What is required →
Pictures stay out of the copy. Retype exactly, and only, the lines from the one containing "Chaussures Superga 2750" through the end of the listing below.

Source data →
^^^^^^^^^^^^^^^^

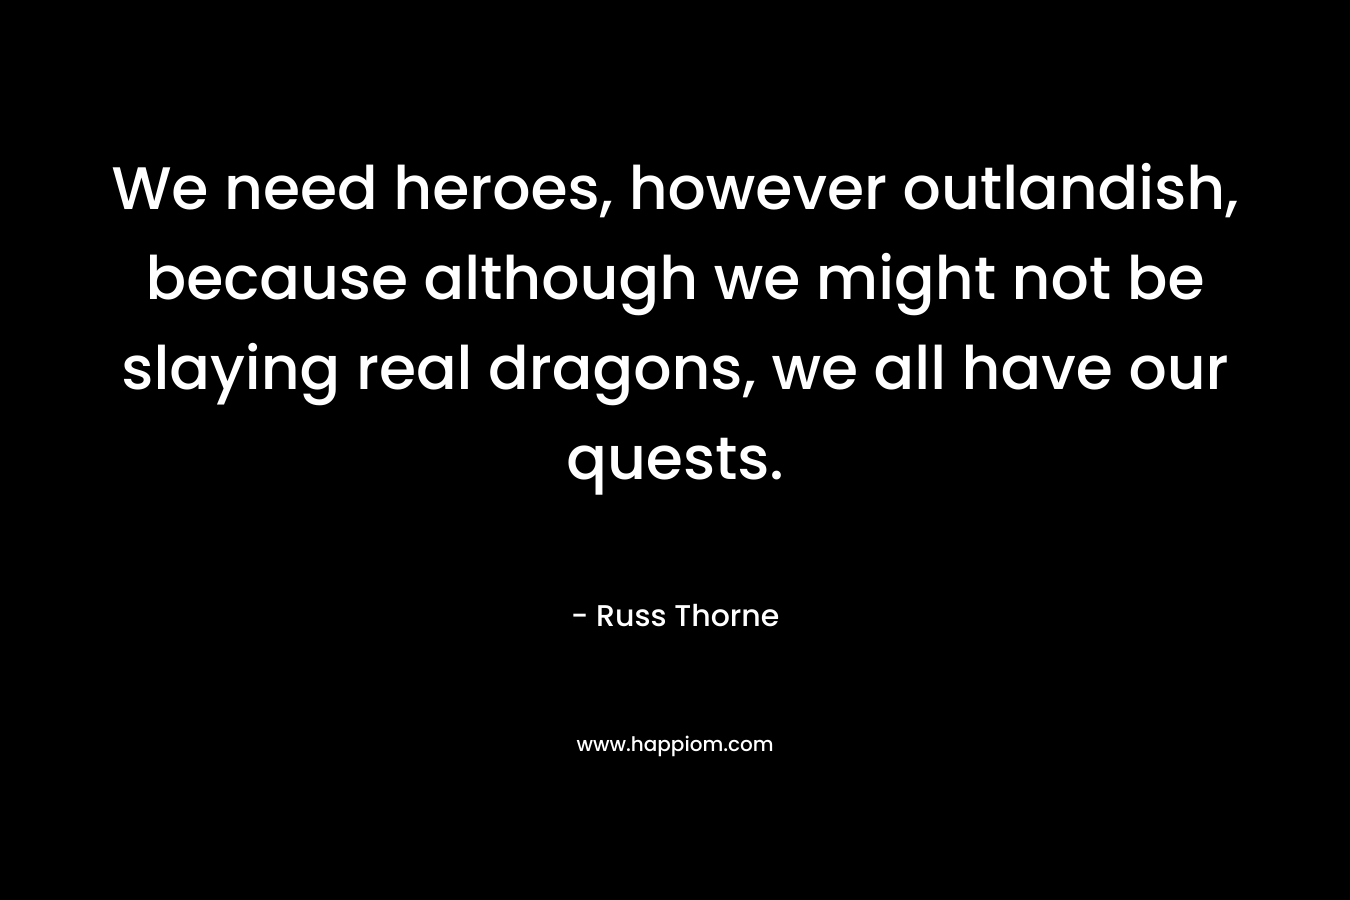 We need heroes, however outlandish, because although we might not be slaying real dragons, we all have our quests.
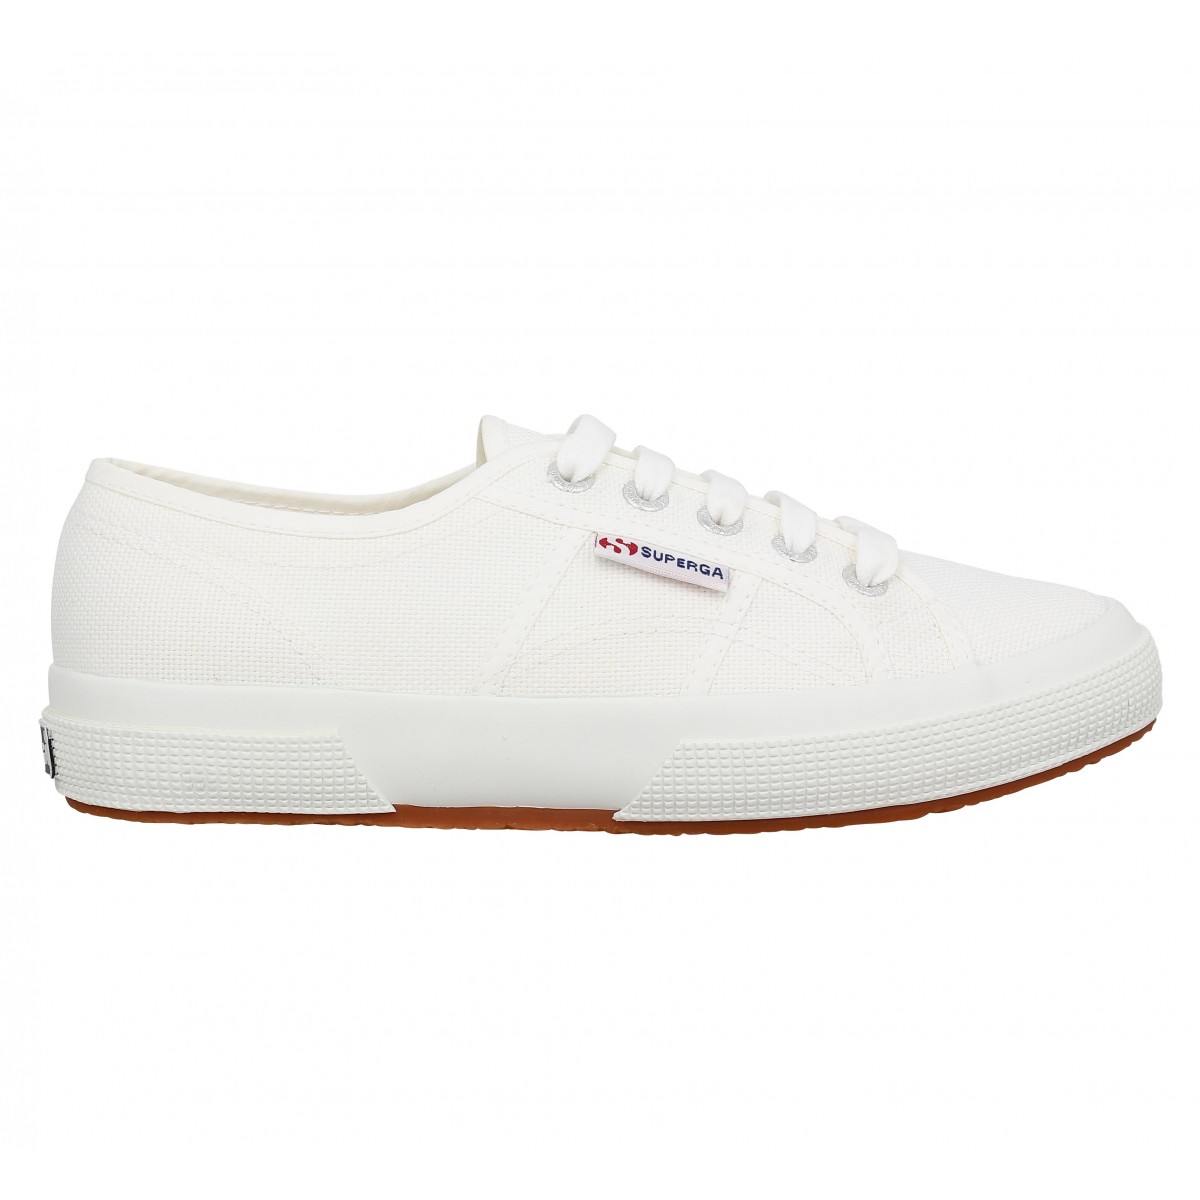 Chaussures Superga 2750 homme blanc | Fanny chaussures
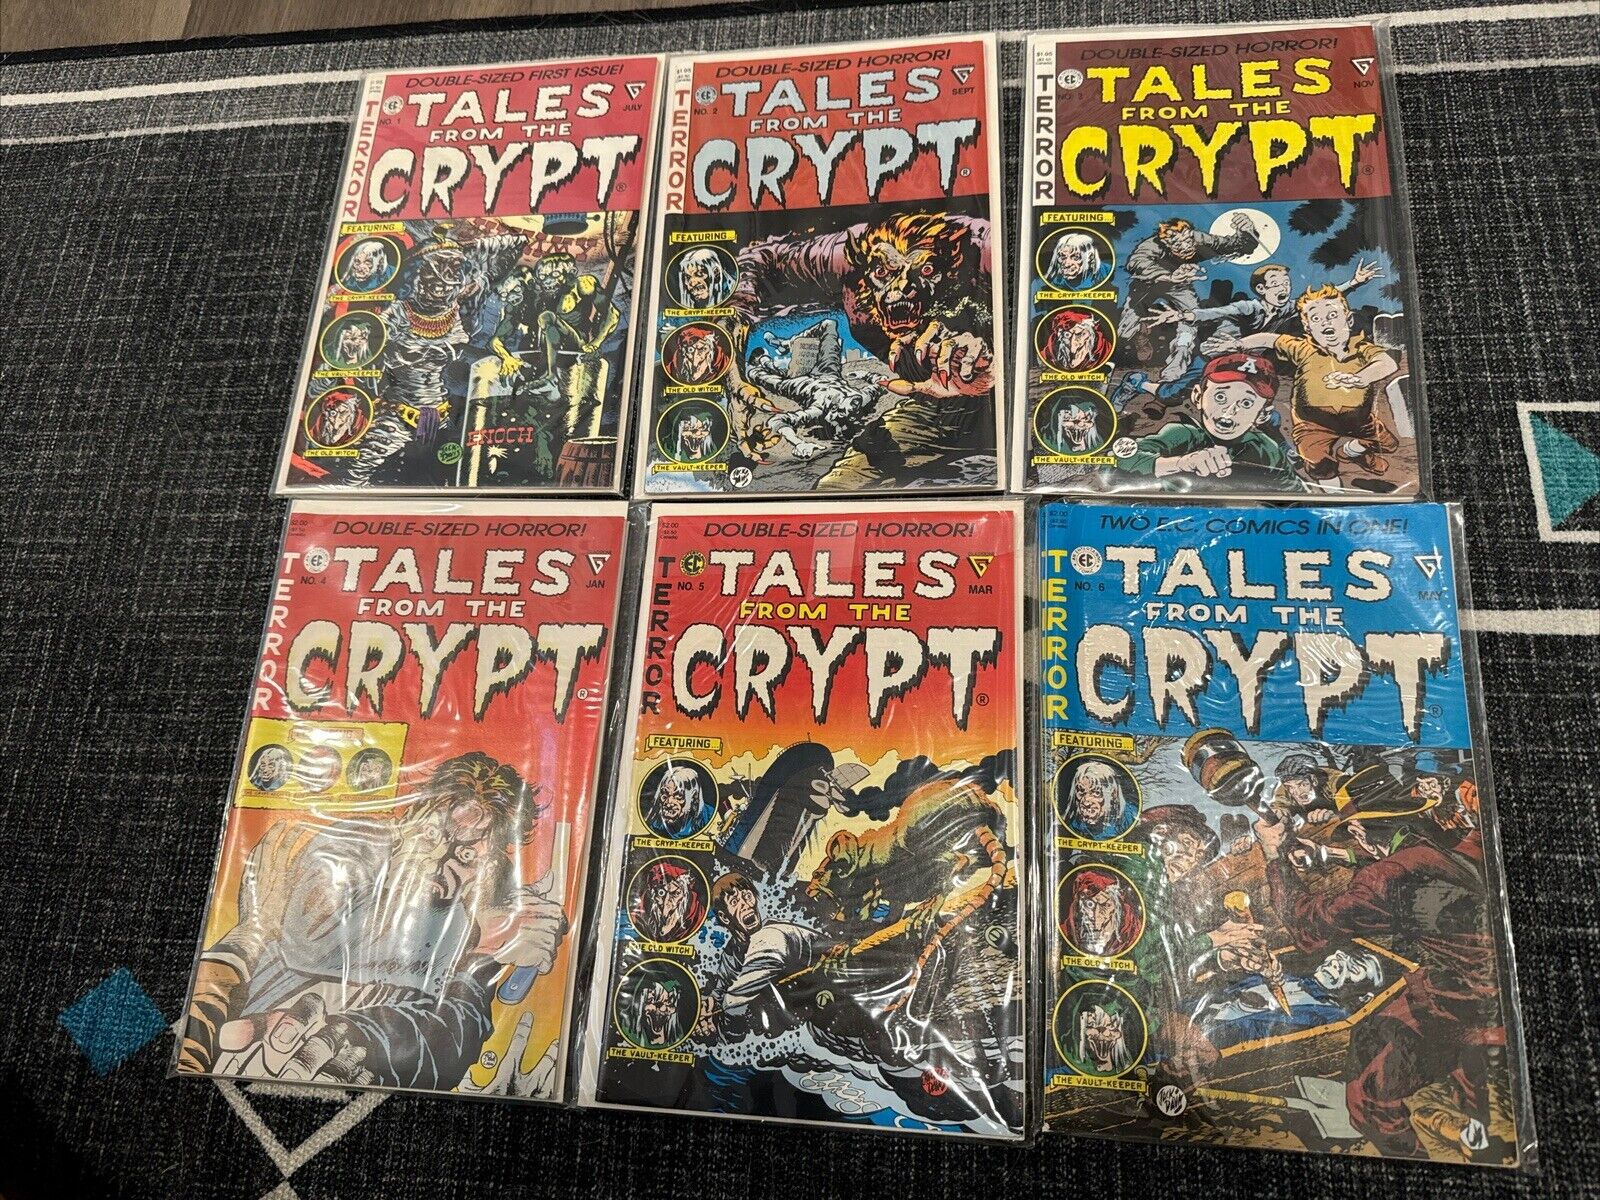 Tales From The Crypt Issue’s 1-6 Gladstone 1990 EC Reprints.

^^^^^^^^^^^^^^^^

Result for this task →
 Chaussures Superga 2750 homme blanc | Fanny chaussures
 Tales From The Crypt Issue’s 1-6 Gladstone 1990 EC Reprints.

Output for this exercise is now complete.